(Data entries)
================================
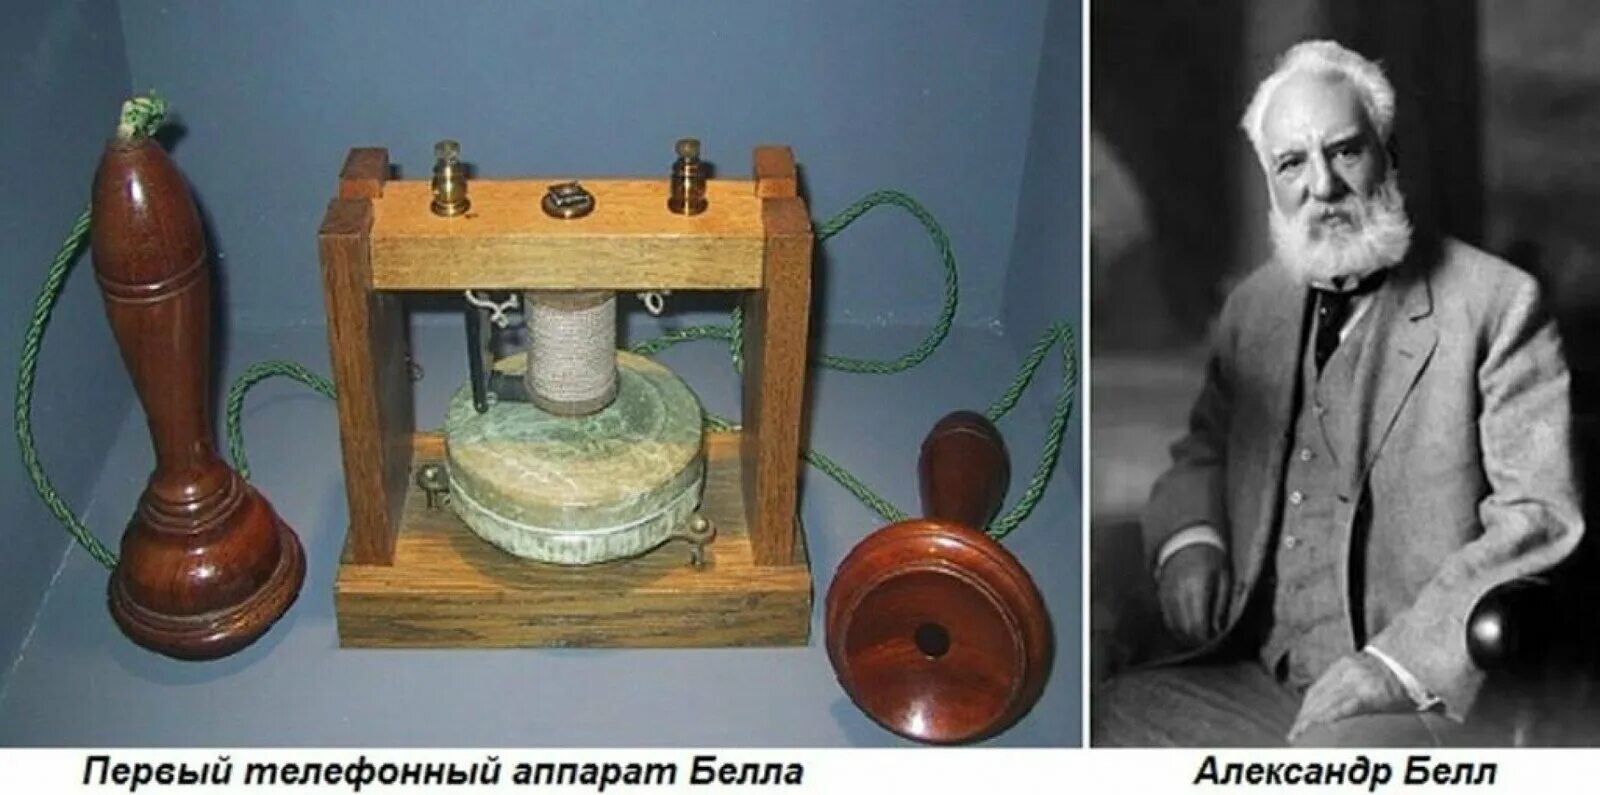 В 1876 году американец а. Белл изобрел телефон. Телефон 1876 года
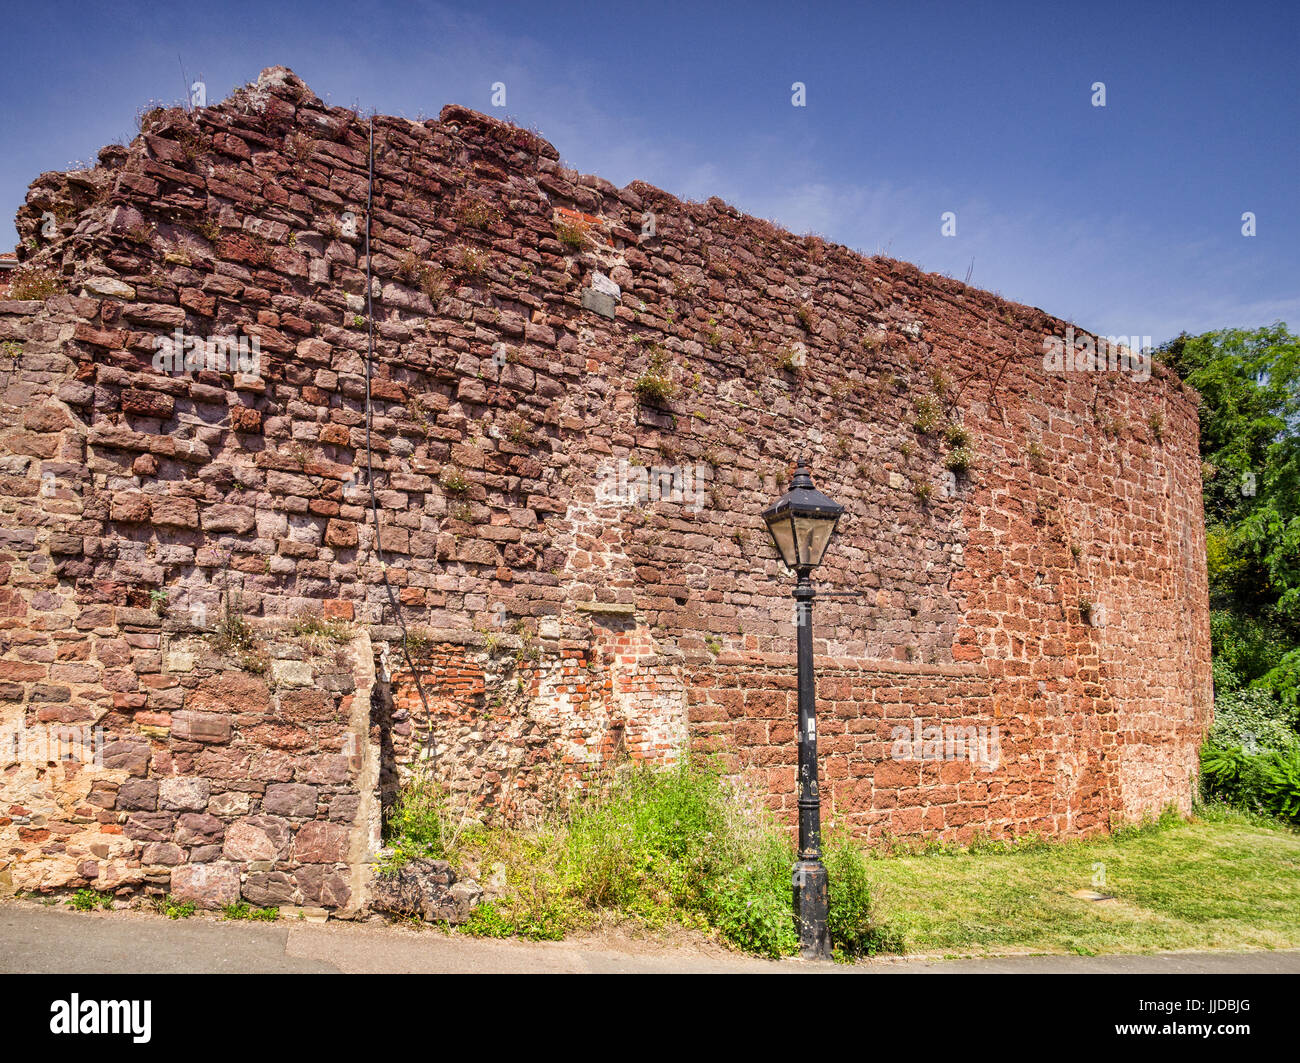 Ein Teil der alten Stadtmauer von Exeter City, in der Nähe von Exeter Kais. Etwa 70 % der Mauer überlebt, und vieles davon ist fast 2000 Jahre alt. Stockfoto
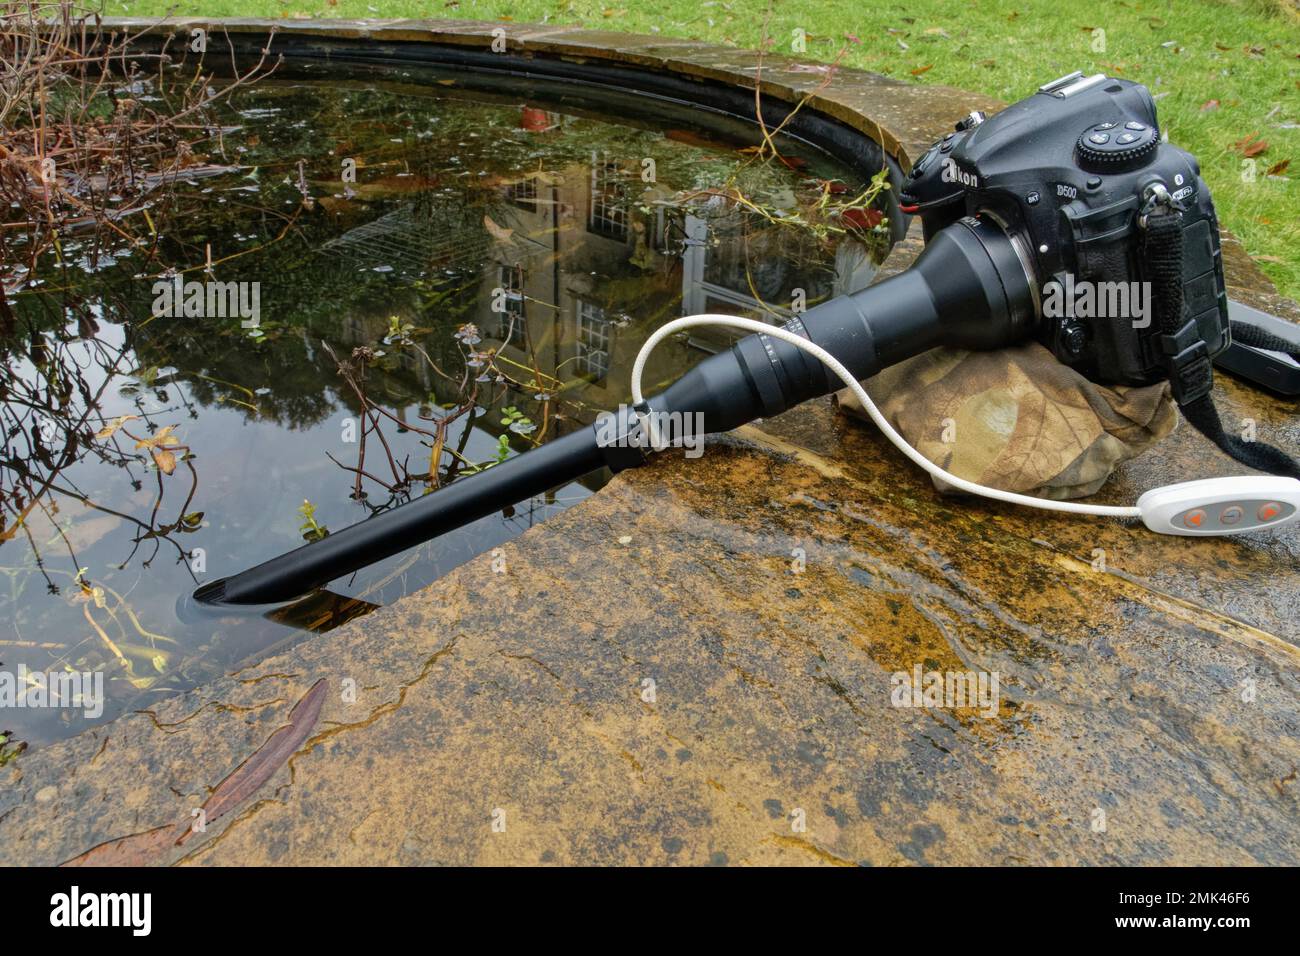 Makroobjektiv mit integrierter LED-Beleuchtung, montiert auf einer DSLR-Kamera und taucht unter Wasser, um das Leben im Garten zu fotografieren, Wiltshire, Großbritannien, Januar. Stockfoto
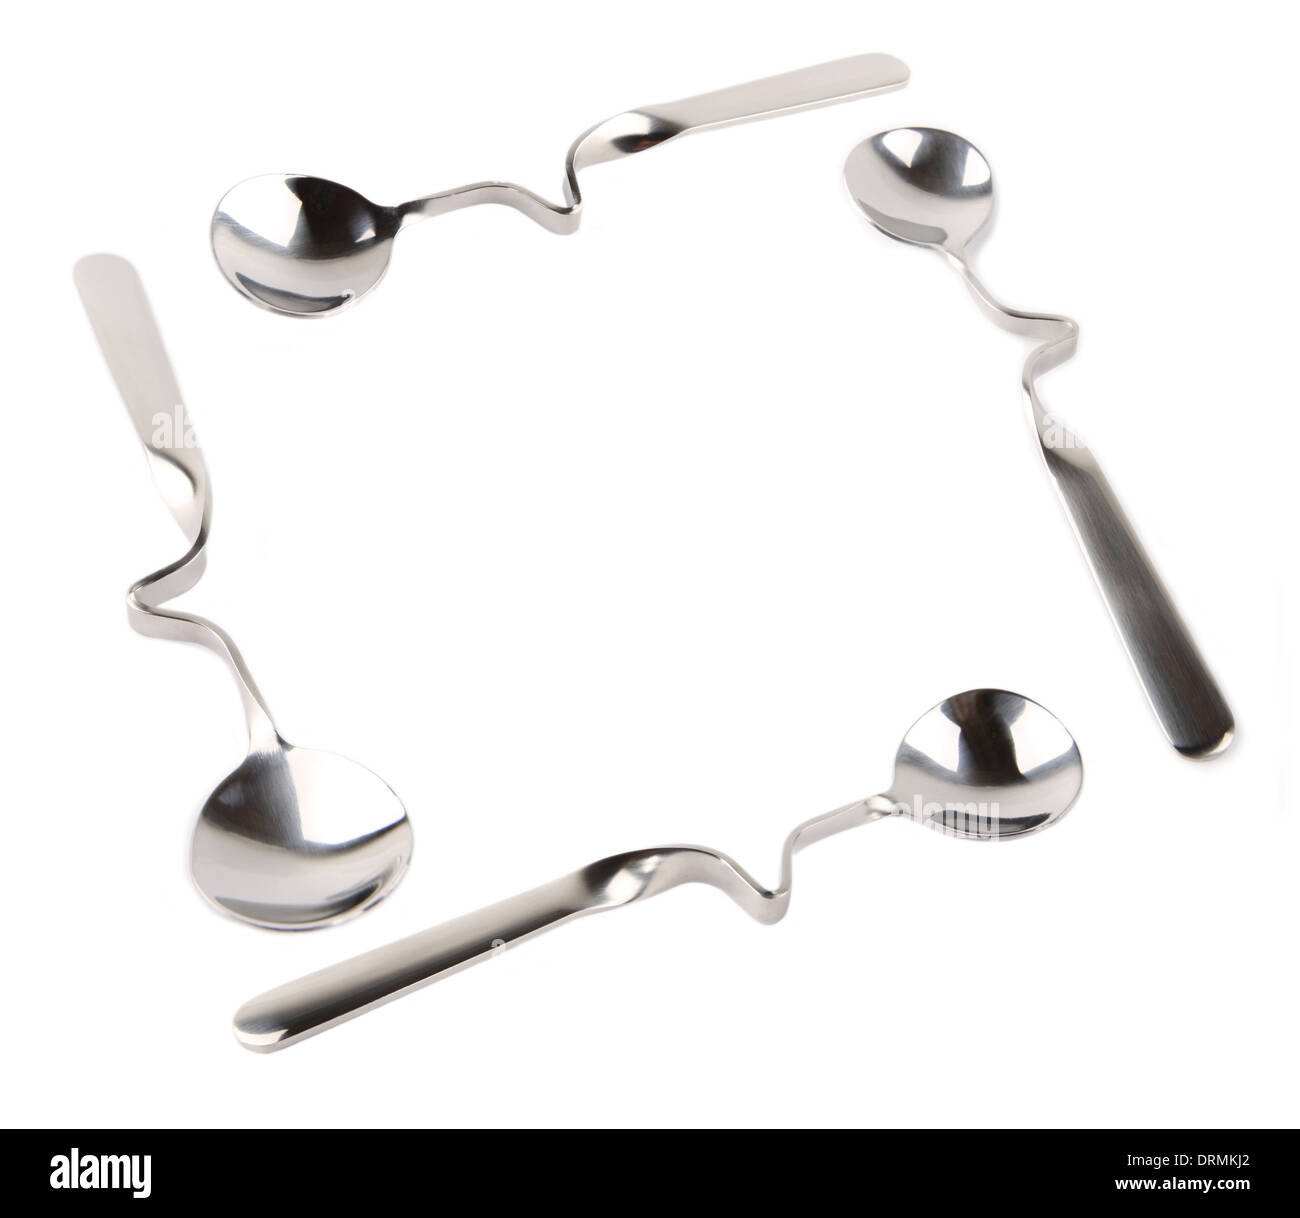 crank spoon Stock Photo
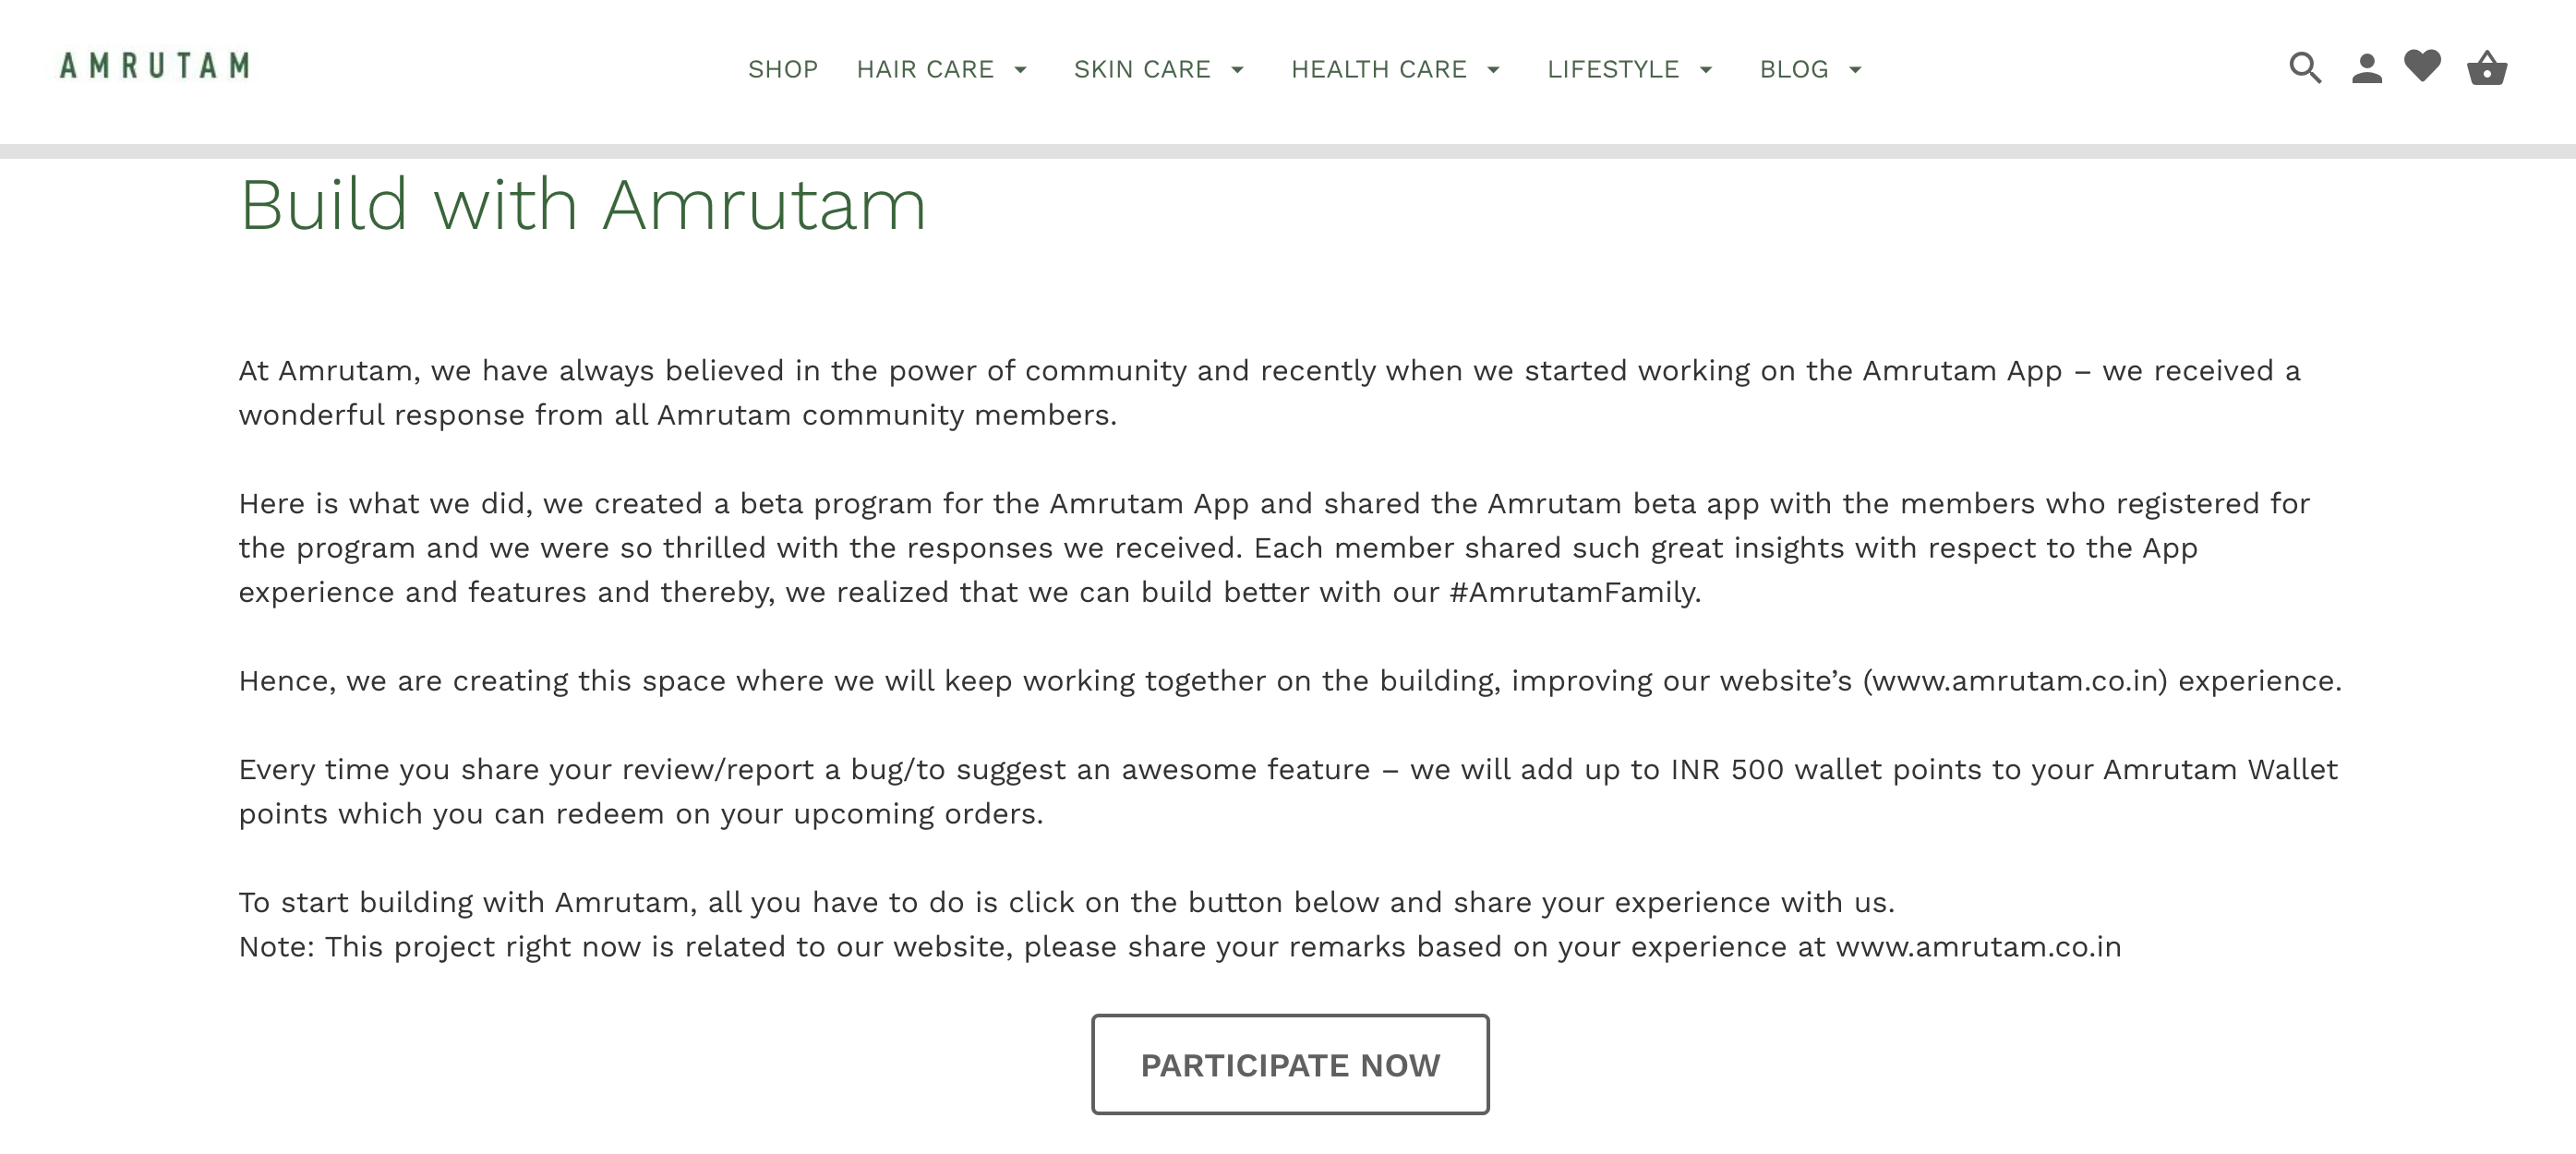 amrutam - ecommerce community
================================
Repeat the entries exactly, without pictures.

| COMPLETED TASK |
 В 1876 году американец а. Белл изобрел телефон. Телефон 1876 года
 Ein Teil der alten Stadtmauer von Exeter City, in der Nähe von Exeter Kais. Etwa 70 % der Mauer überlebt, und vieles davon ist fast 2000 Jahre alt. Stockfoto
 Makroobjektiv mit integrierter LED-Beleuchtung, montiert auf einer DSLR-Kamera und taucht unter Wasser, um das Leben im Garten zu fotografieren, Wiltshire, Großbritannien, Januar. Stockfoto
 crank spoon Stock Photo
 amrutam - ecommerce community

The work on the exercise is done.